Speaker: Thomas E. Ewing, Frontera Exploration Consultants

Topic: Late Paleozoic Tectonic Setting of the Eastern Shelf: From Faulted Ouachita Foredeep to Intracratonic Basin Flank within the Ancestral Rocky Mountains

Abstract:

Although the Eastern Shelf of the West Texas (Permian) Basin has only a few recognized structural elements, it lies within the broad Late Paleozoic framework of the Ancestral Rocky Mountains (ARM), as well as on the fringe of Ouachita orogenic foredeep basins. Both Ouachita and ARM uplifts have shed sediment into the area.

            In Early Pennsylvanian time, the area was located on the forebulge of the Fort Worth Basin, a foredeep basin that developed beneath and west of the advancing Ouachita thrust sheets. Early Pennsylvanian strike-slip fault systems also occur in the area, notably the Fort Chadbourne and Matador/Red River systems. Foredeep-related subsidence continued into Late Pennsylvanian time, advancing or broadening westward. Uplift of the Wichita ARM axis to the north probably occurred throughout the Pennsylvanian, as seen on its better-dated northern flank.

            Beginning in mid-Pennsylvanian time, the West Texas Basin began to subside as an intracratonic basin with its center near Pecos, Texas; this subsidence continued throughout the Permian, overlapping but outlasting ARM deformation. The Eastern Shelf was tilted westward (forming the Bend Arch as mapped today), and a high-relief carbonate/clastic shelf margin developed that bounded the deep-water Midland Basin from Missourian through Leonardian time. A small amount of additional westward tilting took place in the Mesozoic (probably as rift-flank uplift to Gulf-forming extension), forming the regional sub-Albian truncation evident in surface map patterns.

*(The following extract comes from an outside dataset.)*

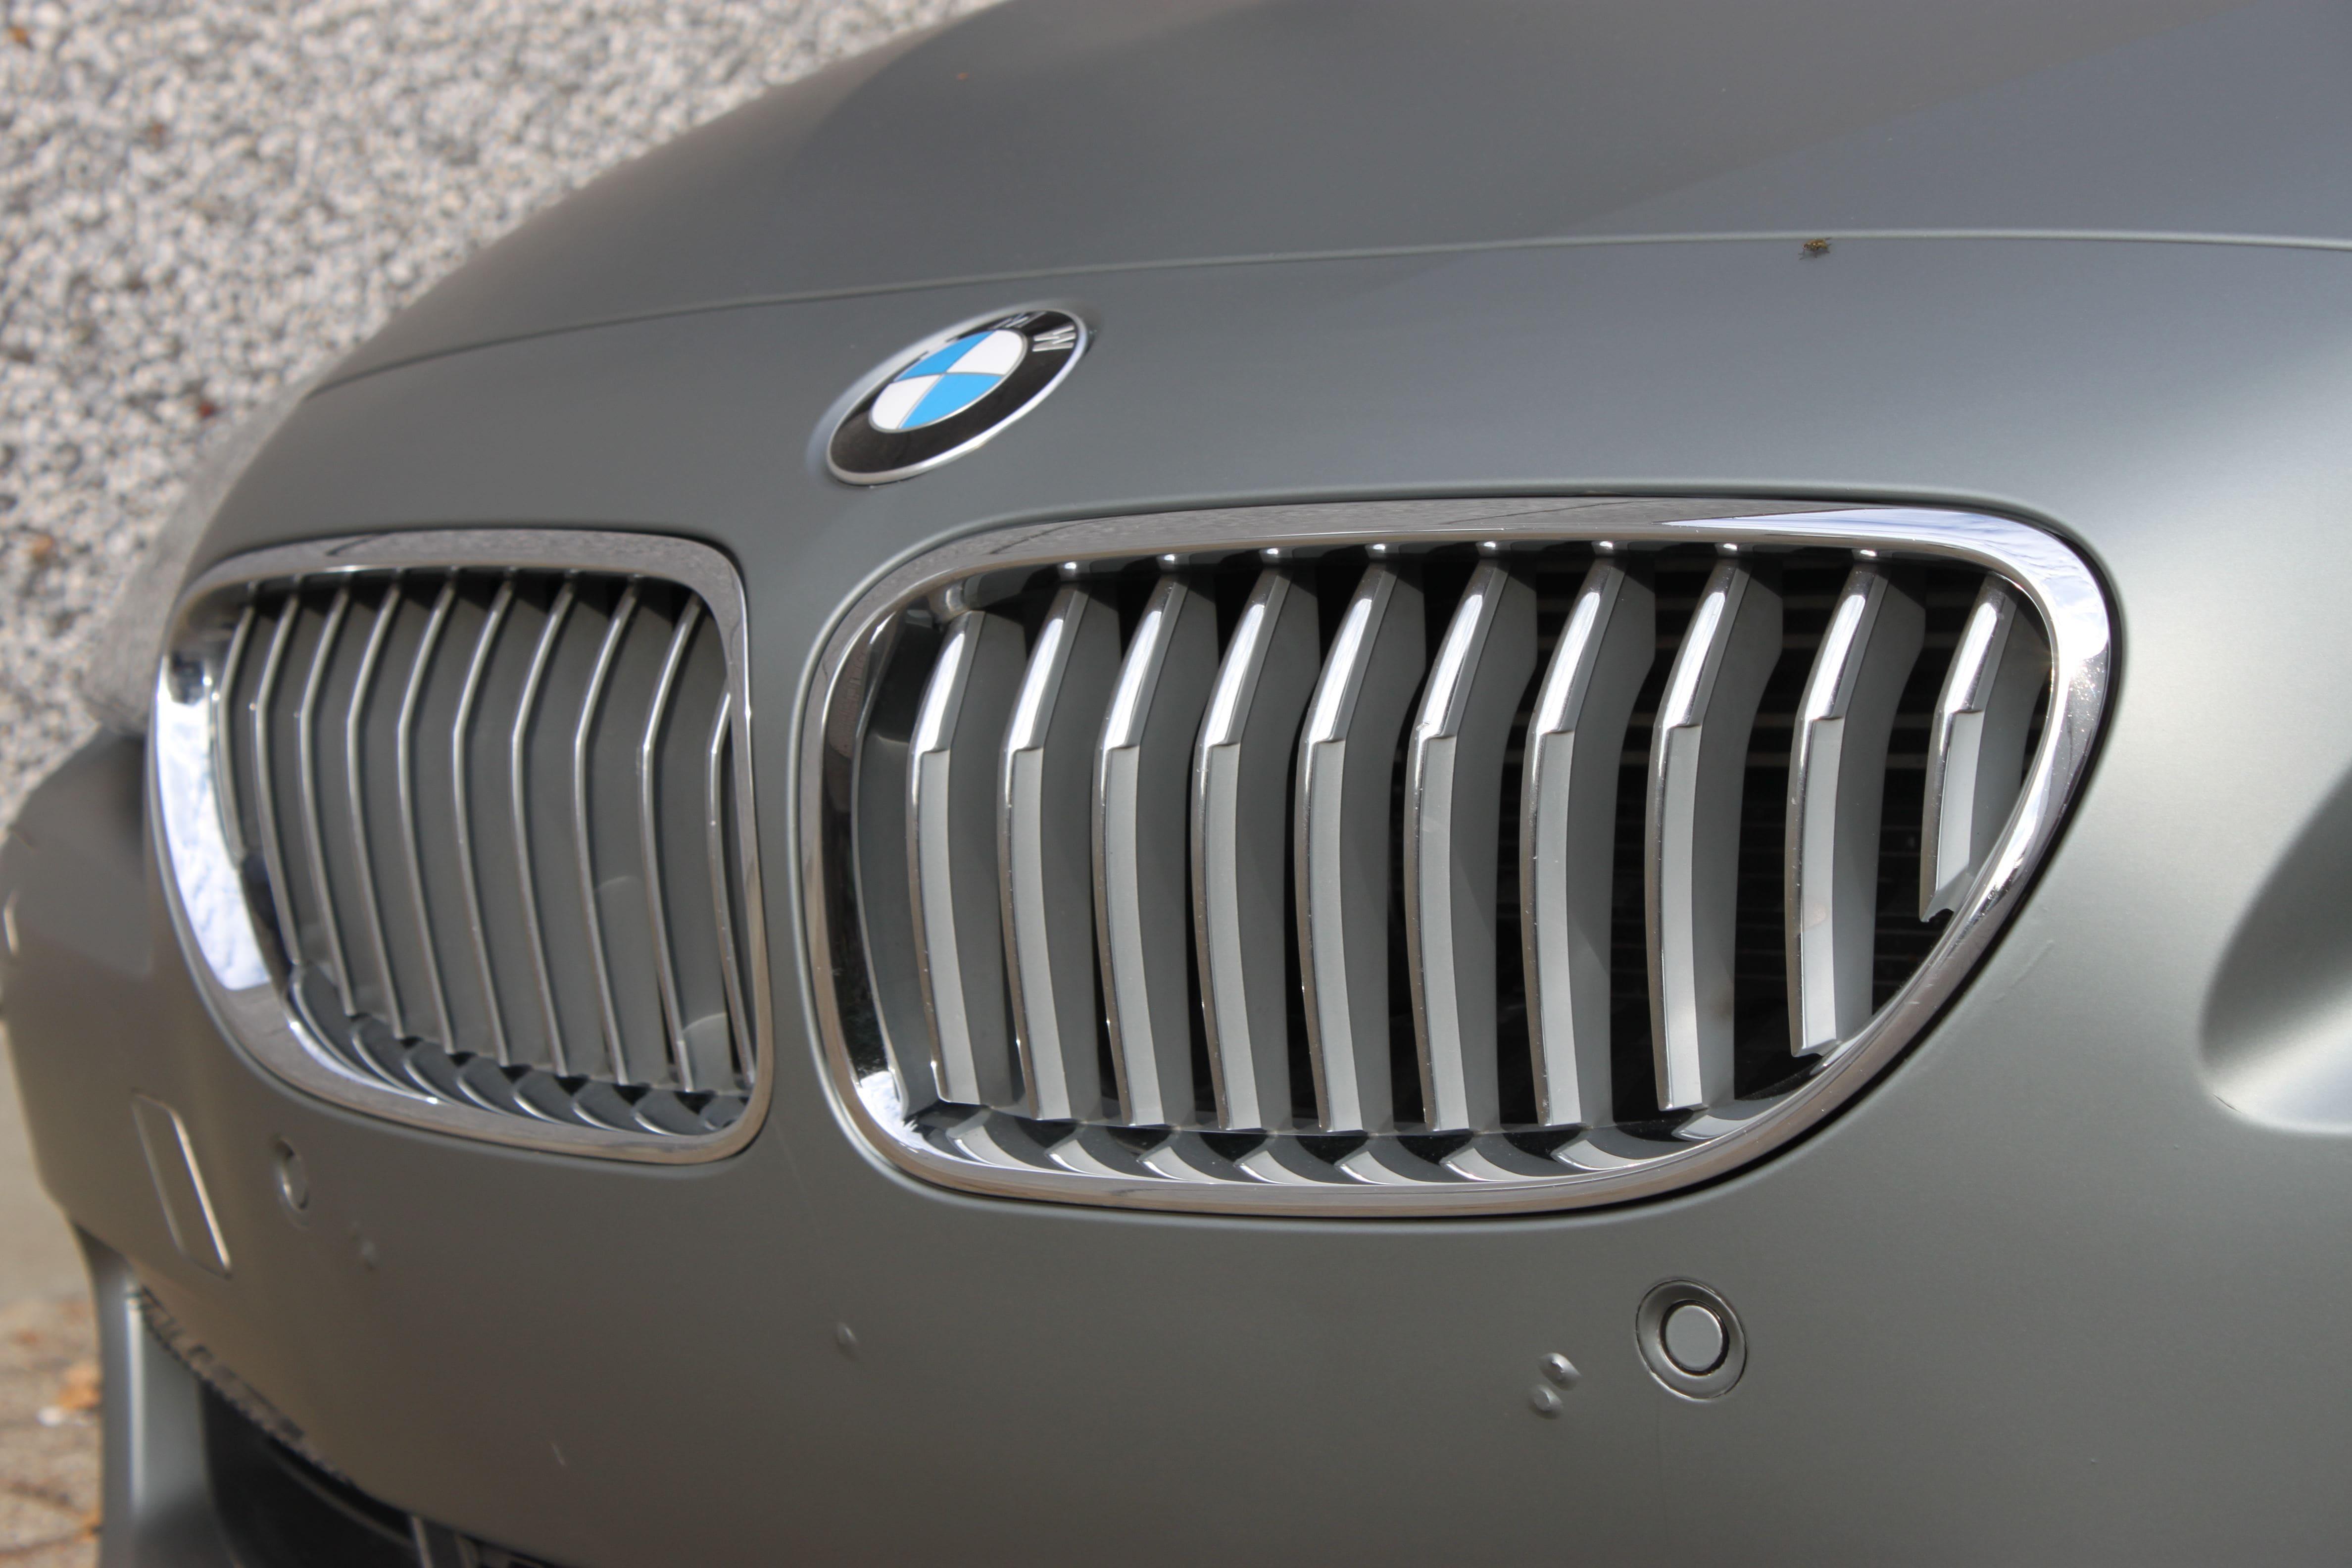 BMW 650i met Mat Antraciet Metallic Avery Wrap, Carwrapping door Wrapmyride.nu Foto-nr:5283, ©2020

            Hydrocarbon generation and migration were controlled by the successive tectonic regimes. Most Pennsylvanian hydrocarbon reservoirs were probably sourced by updip migration from the Midland Basin either in the late Permian or the early Mesozoic. However, Mississippian source rocks were locally important, with lateral migration from the Fort Worth depocenter and vertical migration along the Red River axis possibly charging significant accumulations.

Bio:

Dr. Thomas Ewing is a geoscientist with over 40 years of experience in hydrocarbon exploration and research. He is a Registered Professional Geoscientist in the State of Texas (#1320) and the State of Louisiana (#468) and an AAPG/DPA Certified Petroleum Geologist (#4538), and holds certification #1610 from SIPES.

 He received a B.A. in Geology from the Colorado College (1975), an M.S. in Geochemistry from New Mexico Institute of Mining and Technology (1977), and a Ph.D. in Geological Sciences from the University of British Columbia (1981).

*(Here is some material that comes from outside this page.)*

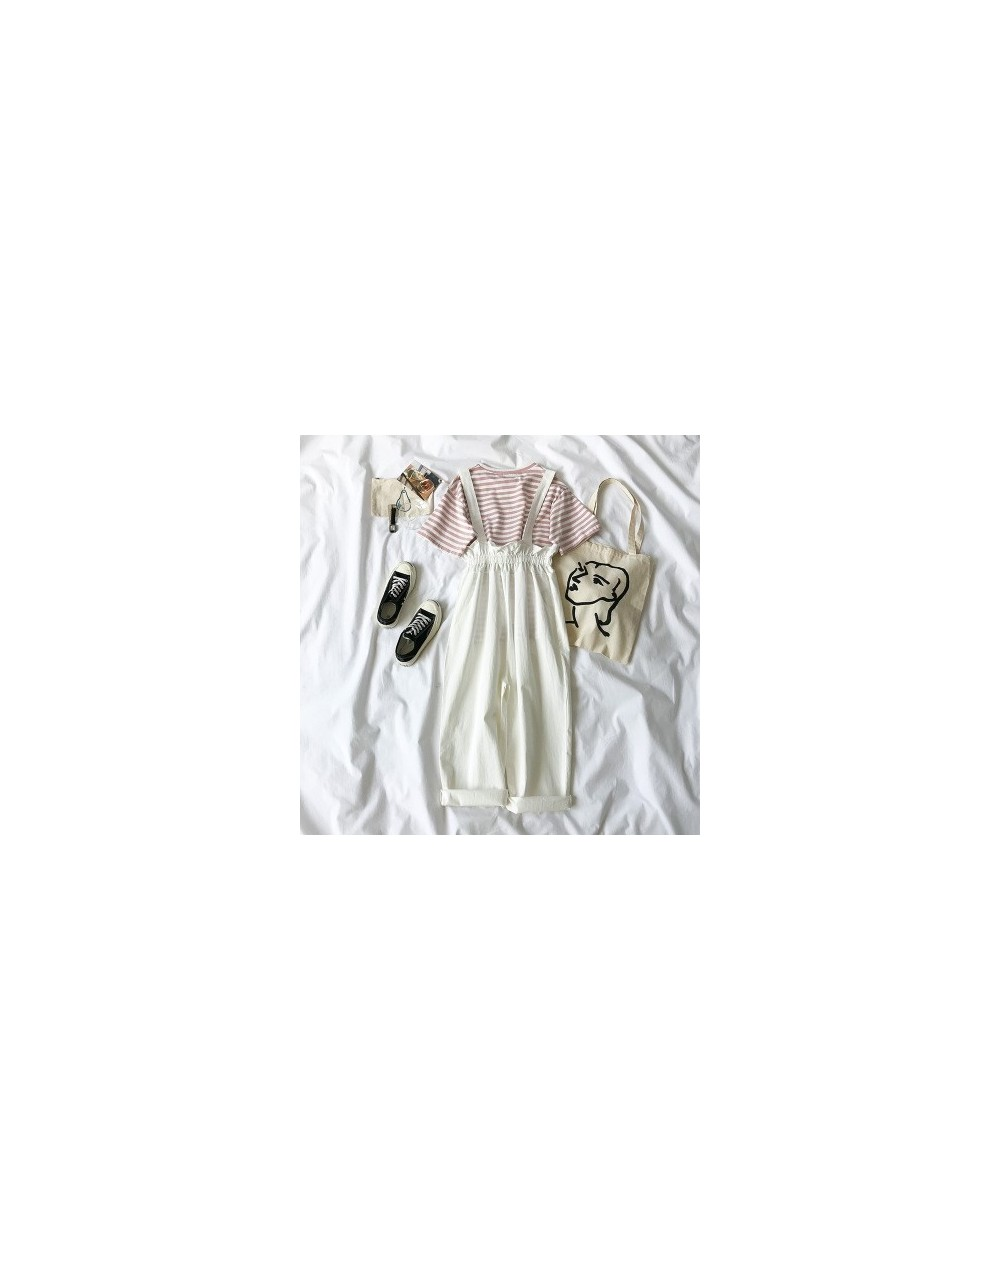 2 piece set women Summer Pants Set Women Striped T-shirt + Fashion Overall White Khaki Pants Outfits For Women Casual plus s...

Dr. Ewing was a research geologist for four years at the Texas Bureau of Economic Geology in Austin, where he served as a co-author of the “Atlas of Texas Oil Reservoirs”, and compiled the Tectonic Map of Texas.  Since 1985 he has been an owner of Frontera Exploration Consultants, Inc., a San Antonio-based geoscience consulting company. He worked with Venus Oil and Venus Exploration from 1985 to 2005 as staff consultant and Senior Explorationist, playing a main role in its successful exploration in the Yegua Trend of the Gulf Coast Basin and elsewhere in Texas.

Dr. Ewing has served in many offices in AAPG and its Divisions, He served as Vice-President for Sections of AAPG (2012-14). He received Honorary Membership in the South Texas Geological Society in 2009, Honorary Membership in the GCAGS in 2010, AAPG Distinguished Service Award, and BEG Alumnus of the Year in 2011. Most recently he has completed service as President of the GCAGS (2016-2017). In 2018 he was awarded the “Don Boyd Medal for Excellence in Gulf Coast Geology” from the GCAGS (Gulf Coast Association of Geological Societies), their highest award, and this year has been selected for Honorary Membership in AAPG.

Tom has spoken extensively at local, regional, and national geological meetings and published nearly 100 papers and abstracts. Among other awards, he has received the AAPG Levorsen Award three times, twice in Gulf Coast Section and once in Southwest Section. He has written articles on Gulf Coast geology and hydrocarbons, the geology and tectonics of Texas, and history and urban geology of the San Antonio area. He wrote the popular guidebook “Landscapes, Water and Man: Geology and Man in the San Antonio Area” published by the South Texas Geological Society in 2008. In 2016, Dr. Ewing completed “Texas Through Time”, an illustrated book and website on the geologic history and earth resources of Texas published by the Bureau of Economic Geology. Subsequently, he has authored chapters on the tectonic evolution of the Permian Basin (Ruppel volume) and on the geological development of the Gulf of Mexico Basin (with W.E. Galloway).

 In his spare time, he directs a 50-voice German men’s chorus, the San Antonio Liederkranz.